-- Dataset extract follows --

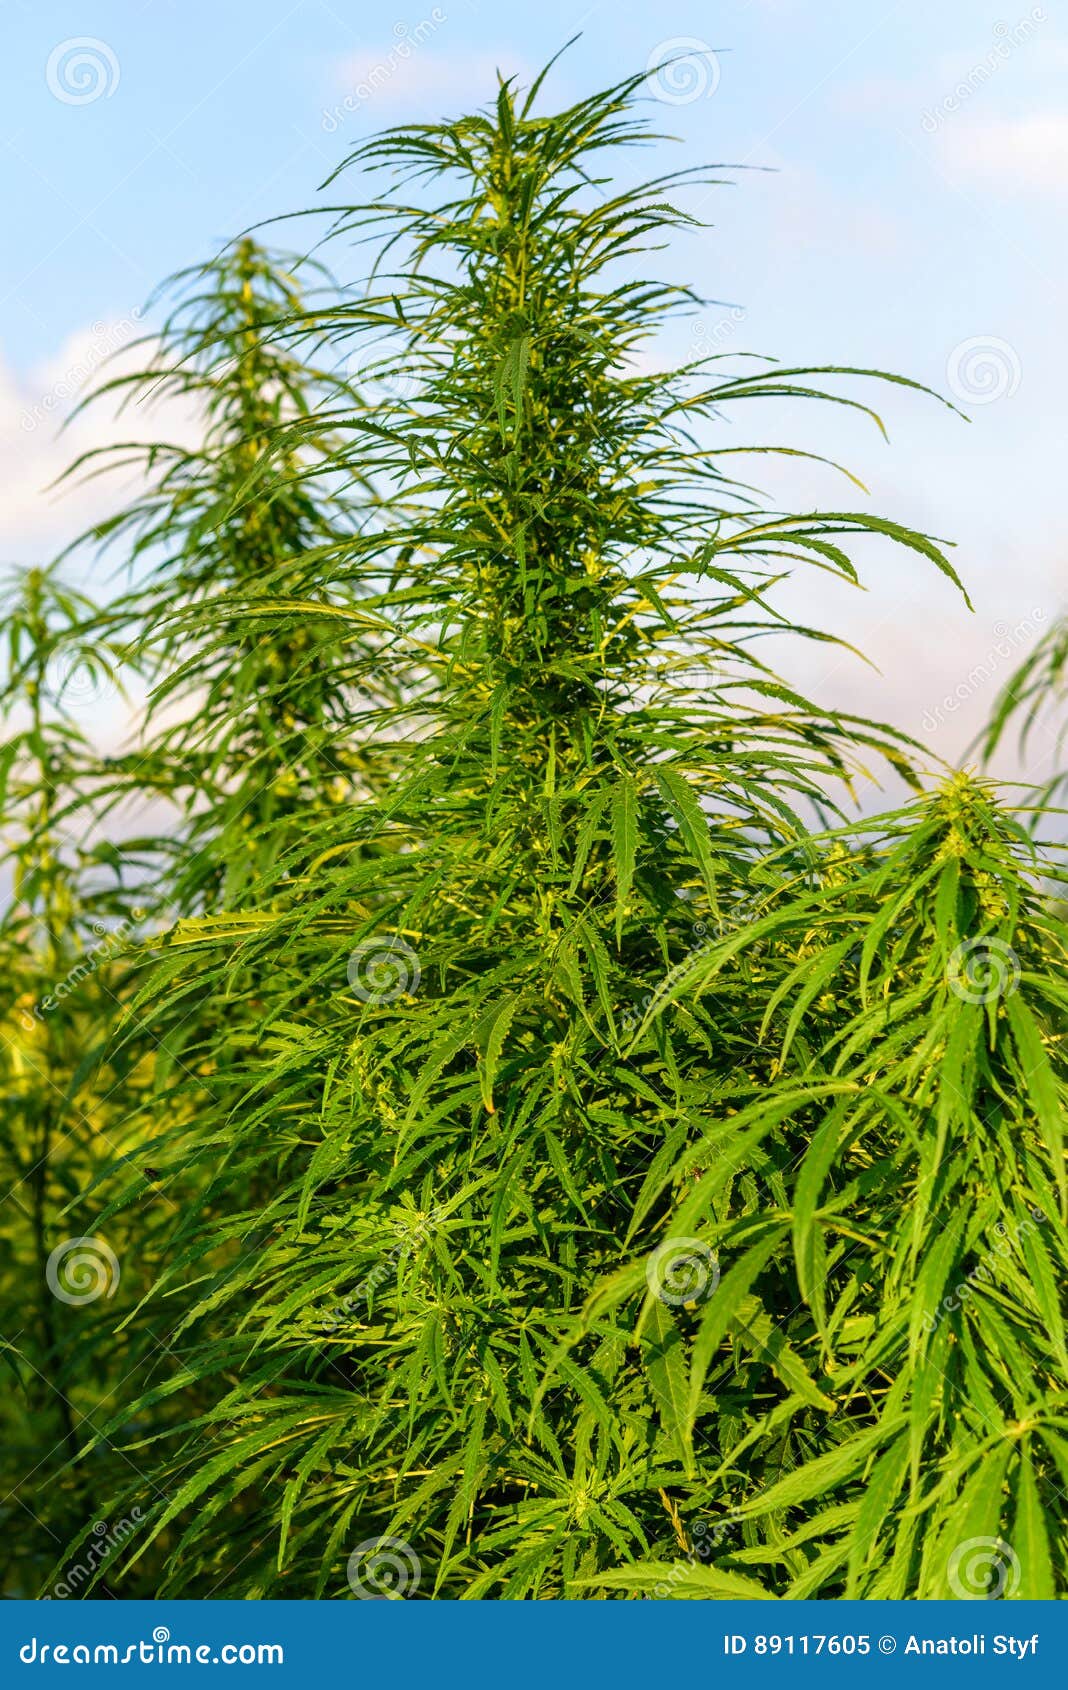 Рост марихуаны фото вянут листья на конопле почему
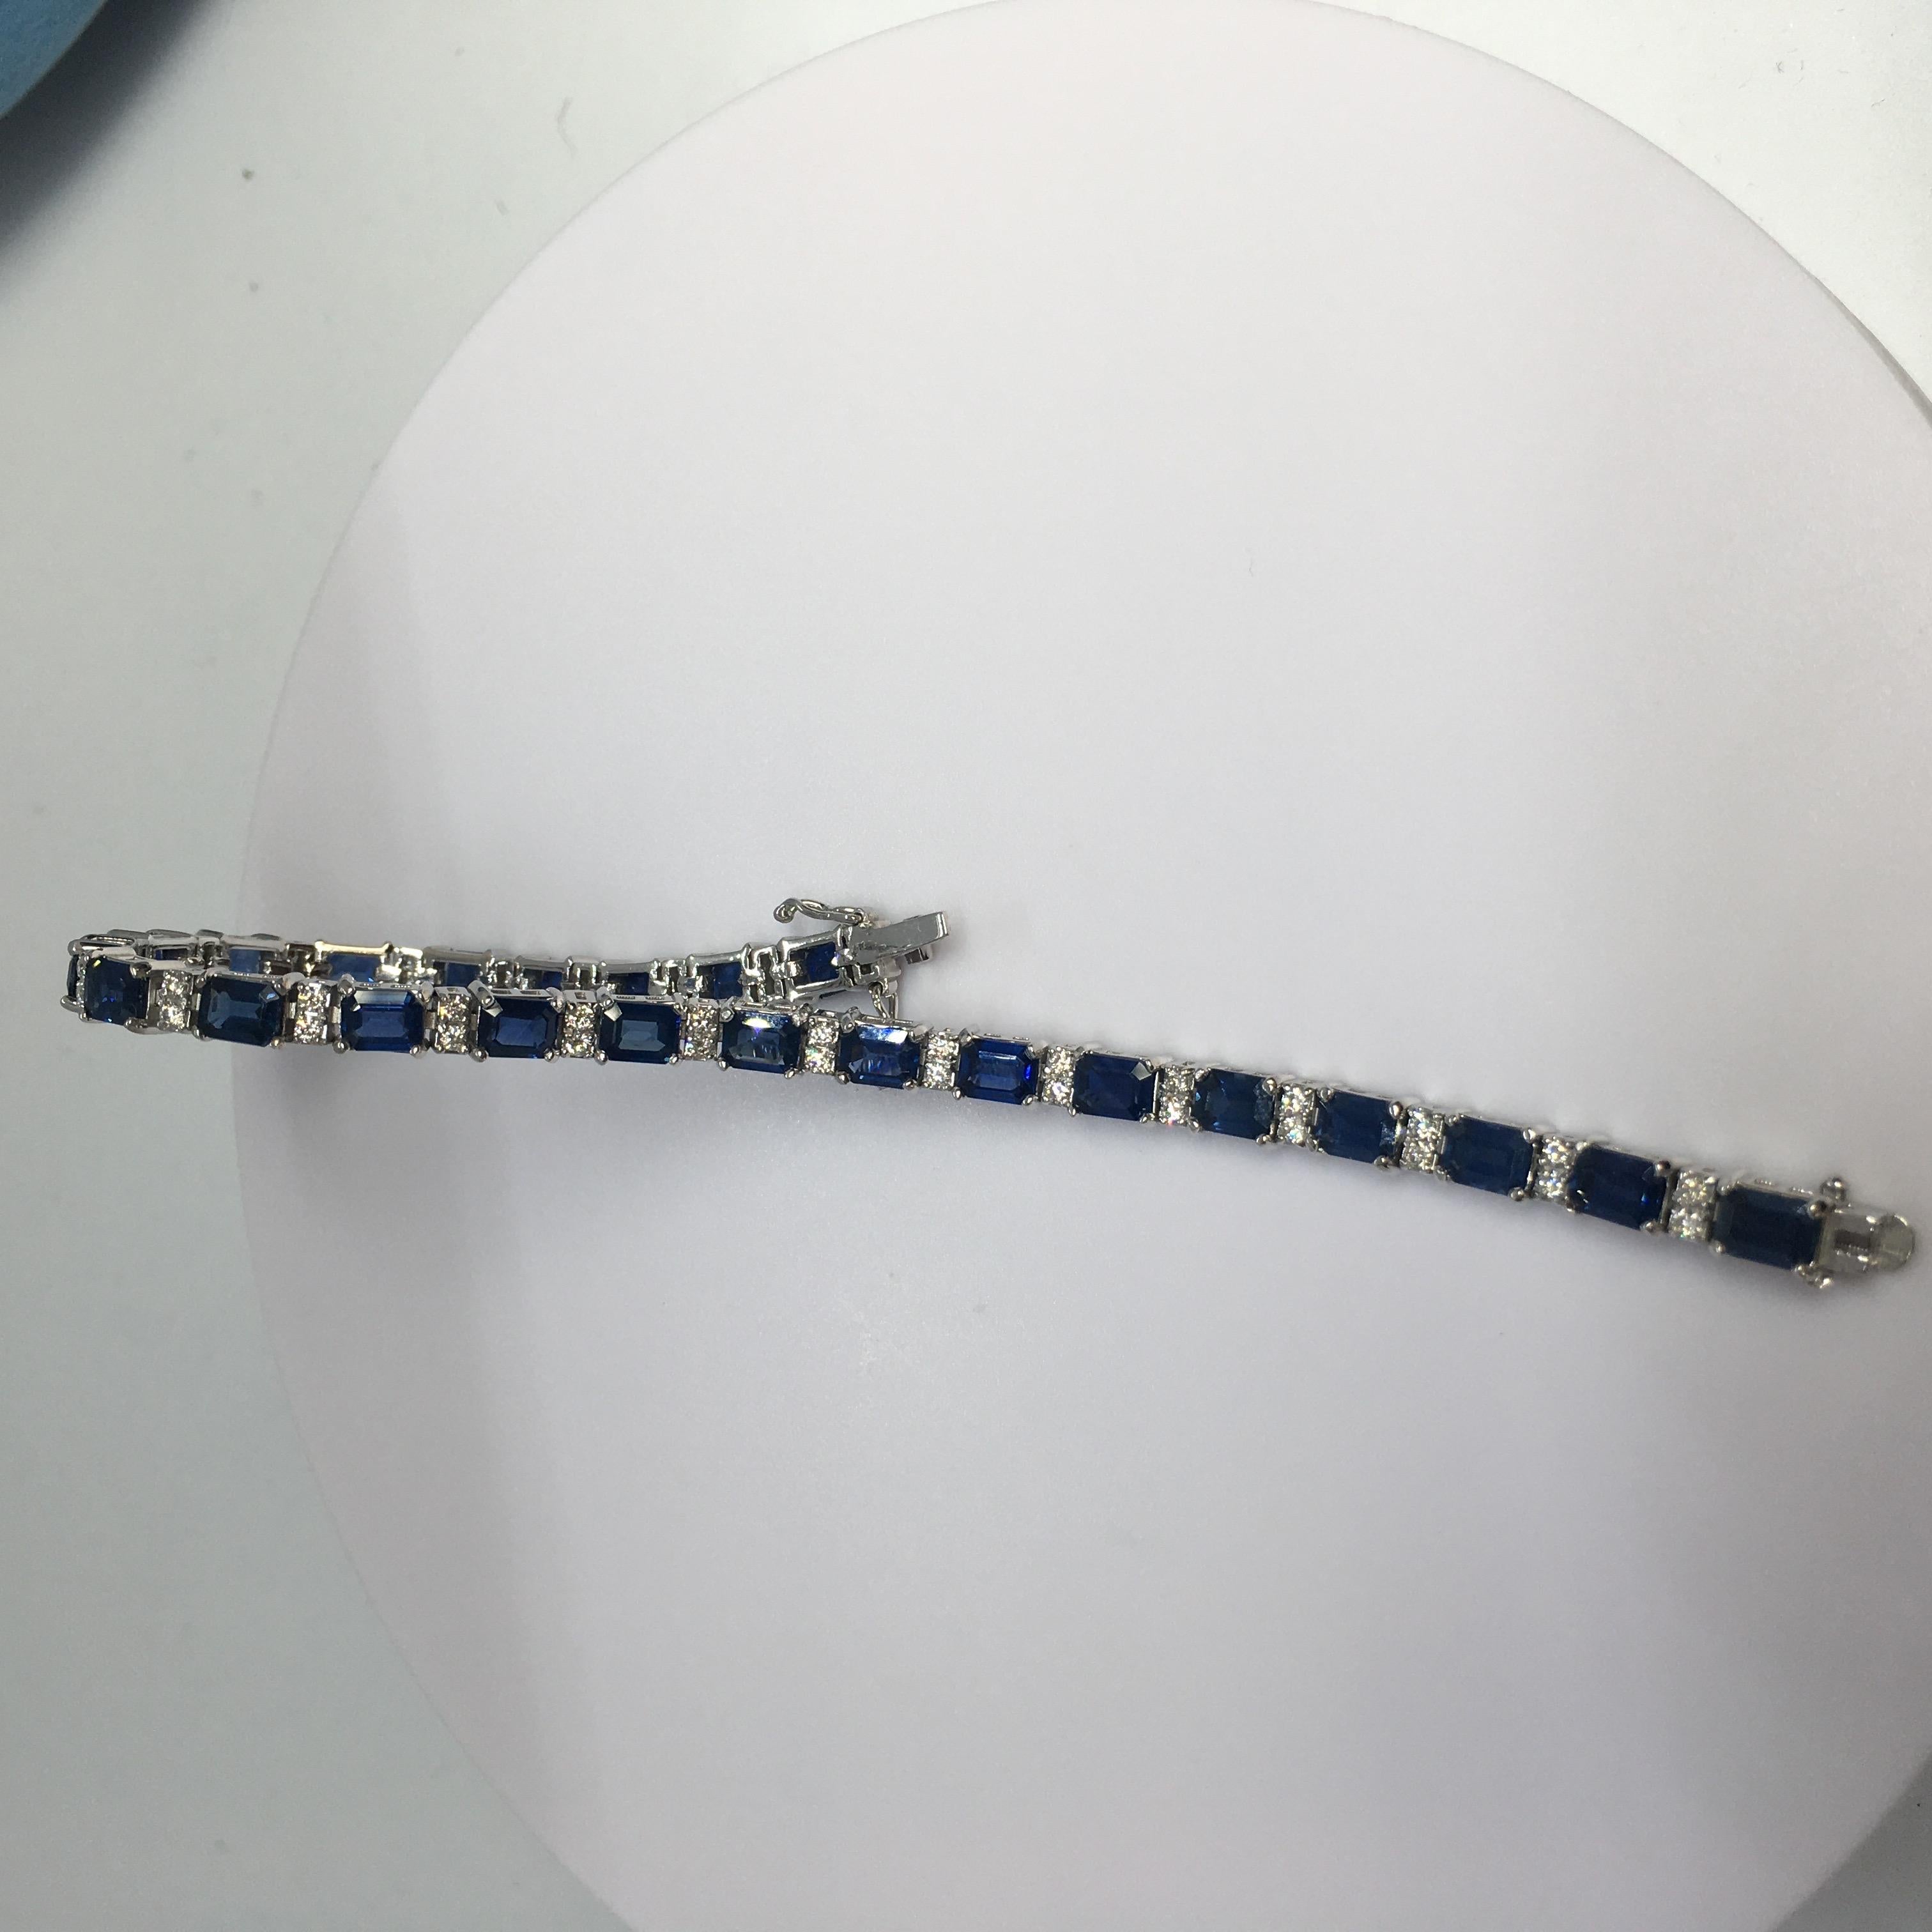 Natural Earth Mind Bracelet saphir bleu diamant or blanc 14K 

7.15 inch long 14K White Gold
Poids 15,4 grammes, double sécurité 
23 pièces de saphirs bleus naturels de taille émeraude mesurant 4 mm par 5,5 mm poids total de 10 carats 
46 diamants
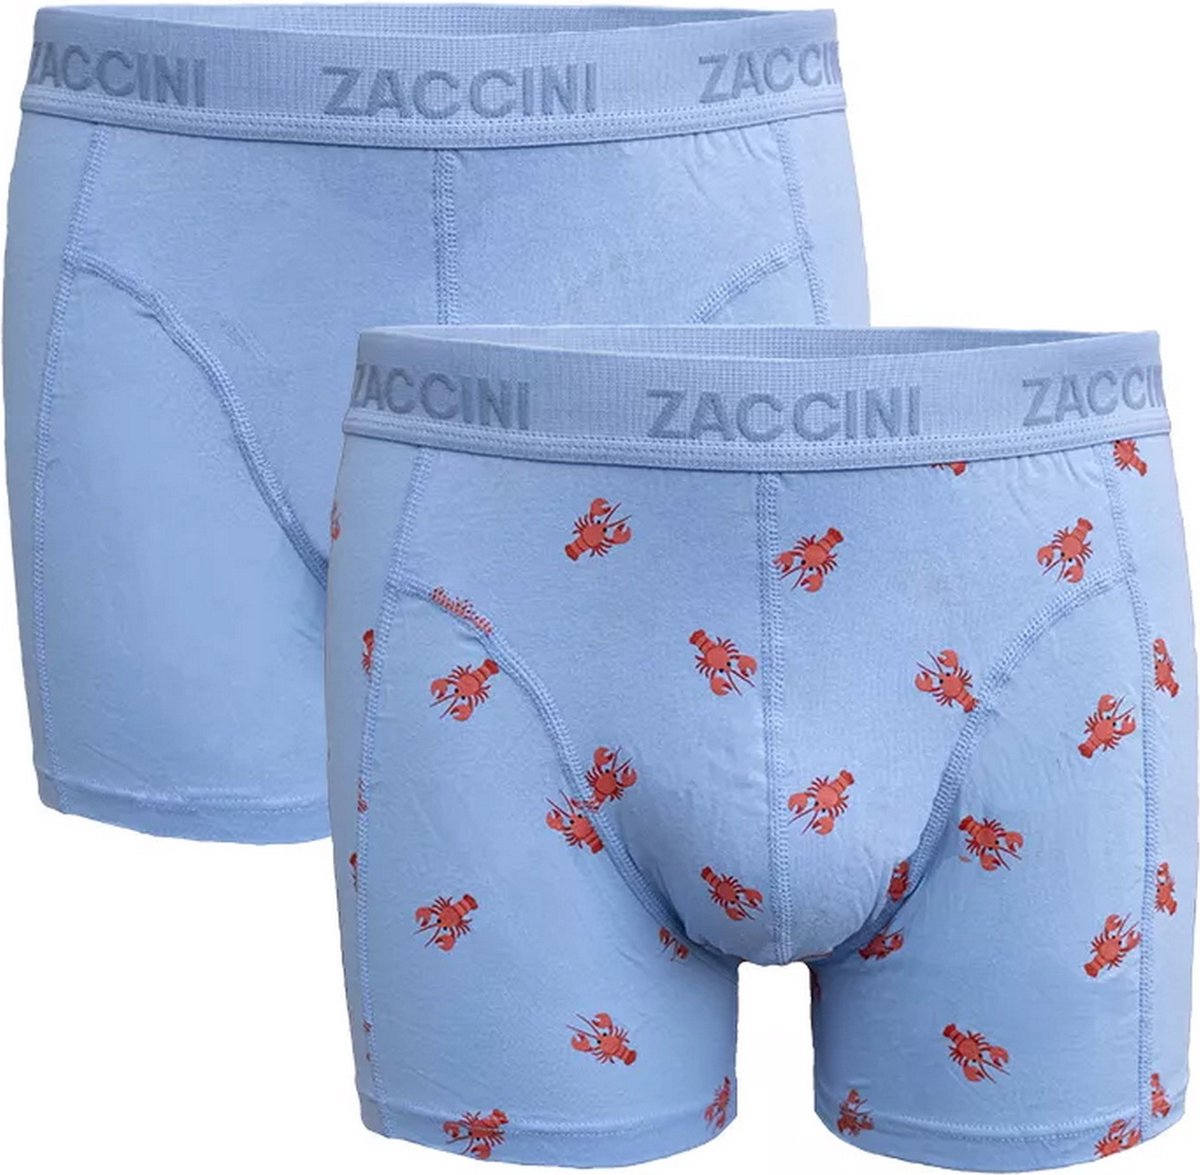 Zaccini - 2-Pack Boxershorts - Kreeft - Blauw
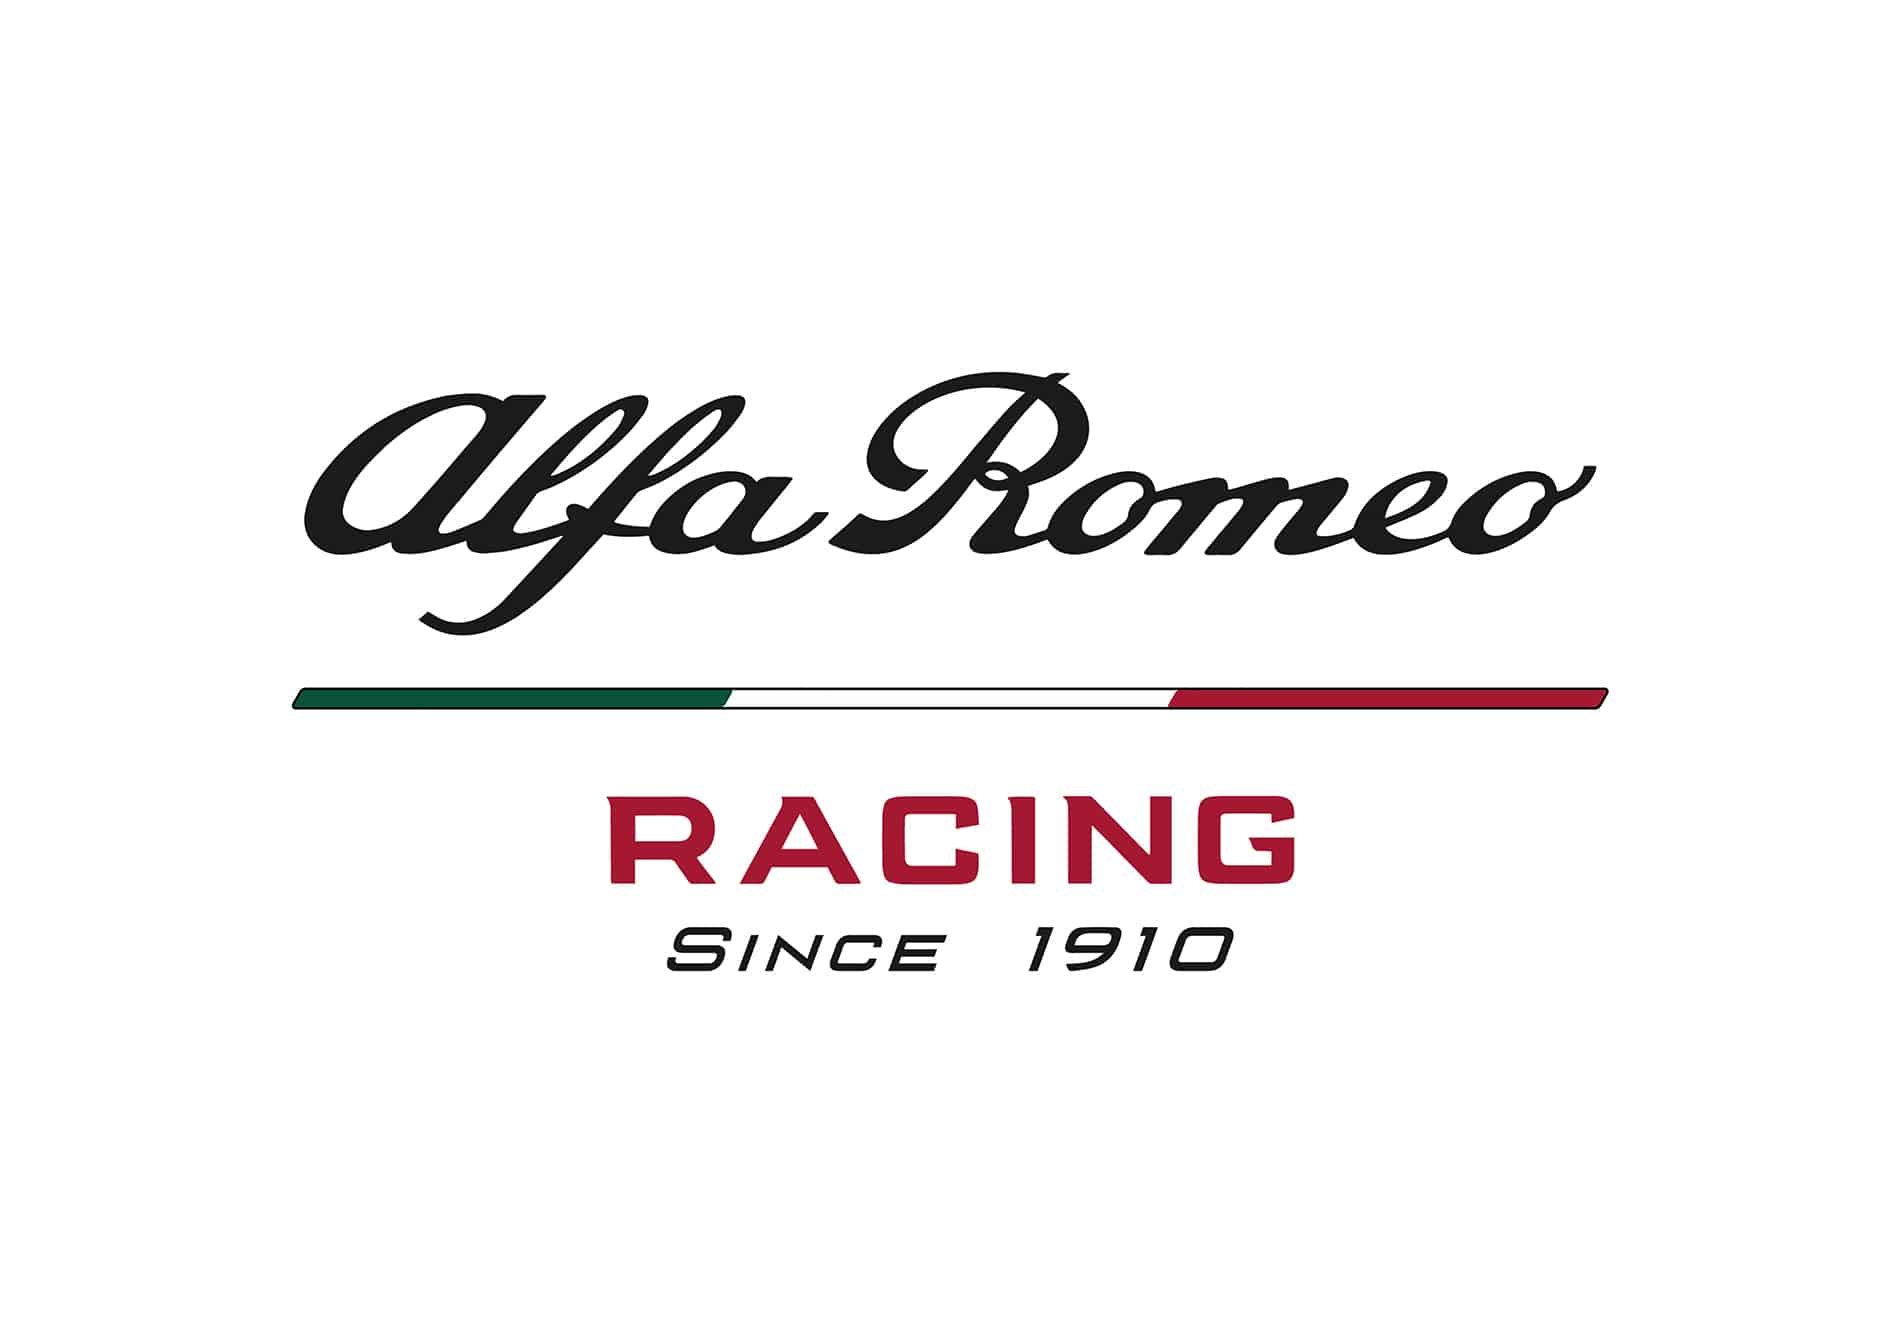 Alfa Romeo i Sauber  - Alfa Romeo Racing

-- Dataset extract concluded --

→ **Your objective**:
Output all the material above exactly once more, leaving every picture out.

→ **Exercise output**:
 Рост марихуаны фото вянут листья на конопле почему
 Natural Earth Mind Bracelet saphir bleu diamant or blanc 14K 

7.15 inch long 14K White Gold
Poids 15,4 grammes, double sécurité 
23 pièces de saphirs bleus naturels de taille émeraude mesurant 4 mm par 5,5 mm poids total de 10 carats 
46 diamants
 Zaccini - 2-Pack Boxershorts - Kreeft - Blauw
 Alfa Romeo i Sauber  - Alfa Romeo Racing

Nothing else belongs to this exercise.